C3	Prediction	The dense `(n_prot, n_terms)` `float64` prediction matrix is never built. `graph.propagate_to_coo` propagates the parser’s COO sparse-natively; `Prediction.matrix` is a CSR; the sparse kernels read its `data`/`indices`/`indptr` directly.

Measured¶

Graph construction on the full GO (go-basic.obo, 24 547 BP / 10 123 MF / 4 069 CC terms):

Measurement	Before C1	After C1
Build time (3 namespaces)	1.87 s	0.61 s (~3×)
Peak RSS (DAG only)	312 MB	108 MB (~3×)

End-to-end cafa_eval on a 24 000-term × 30 000-protein synthetic corpus (IA-weighted, PK, th_step=0.01):

Measurement	Before C3	After C3
Peak RSS	11.9 GB	7.0 GB (−41 %)
Wall-clock	51 s	42 s

What is left on the table¶

Phase C4 — sparse ground-truth / exclude matrices.

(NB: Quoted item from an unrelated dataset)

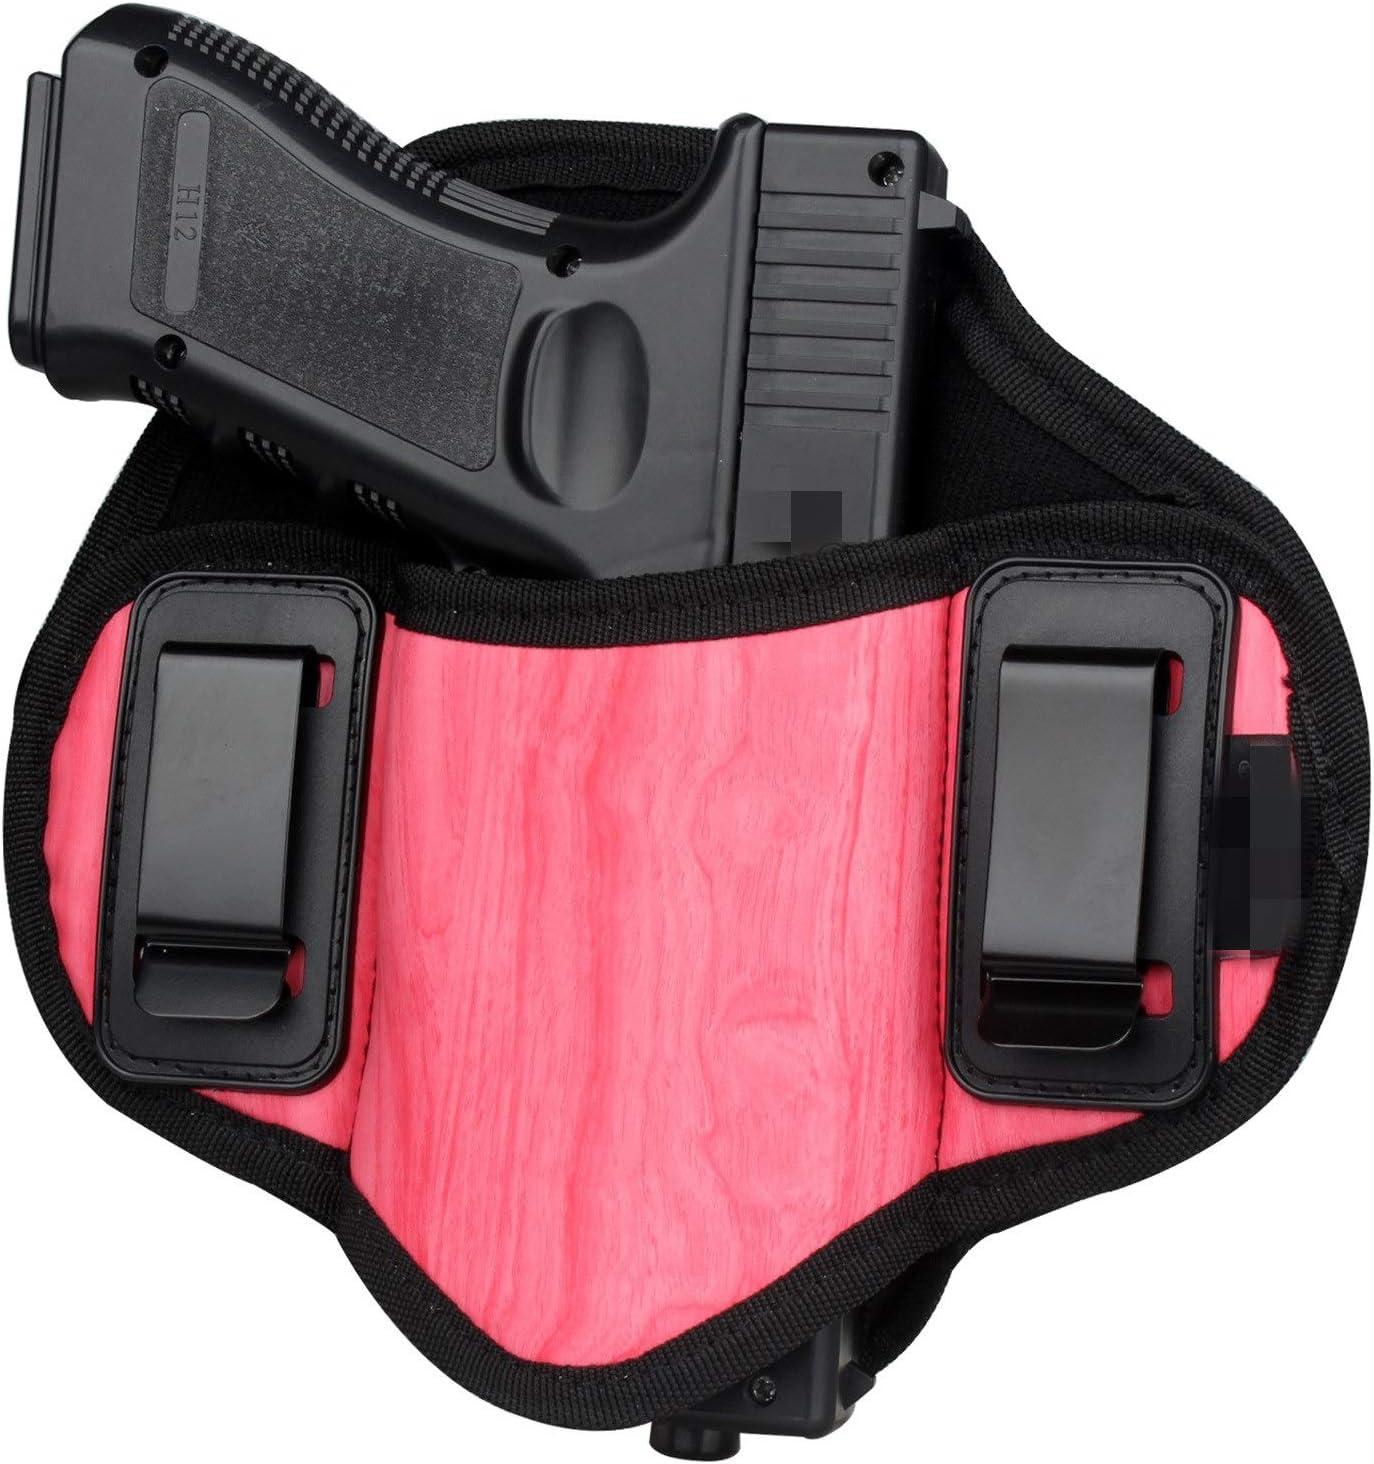 LiQinKeJi8 Cómodo Pistola táctica Holster Ocultas Cintas de Calle Cinturón Cinturón Metadero Airsoft Pistola Bolsa Herramienta de Funda

Prototyped and bit-exact, but the sparse TP gather (g[r, c] membership) is slower than a dense fancy index, so it traded ~1.2 GB for ~2× wall clock. Not merged: the time regression outweighs the memory gain. Would need a sparse-intersection TP gather (pred.multiply(gt)) to be worthwhile.
Phase B5 — optional numba kernel on the per-namespace parser reduction. Not scheduled; the current PyArrow path already brings parser time below the confusion-matrix cost.
A numba-JIT legacy parser for environments where pyarrow is unavailable. Only worth building if profiling on a legacy-only install warrants it.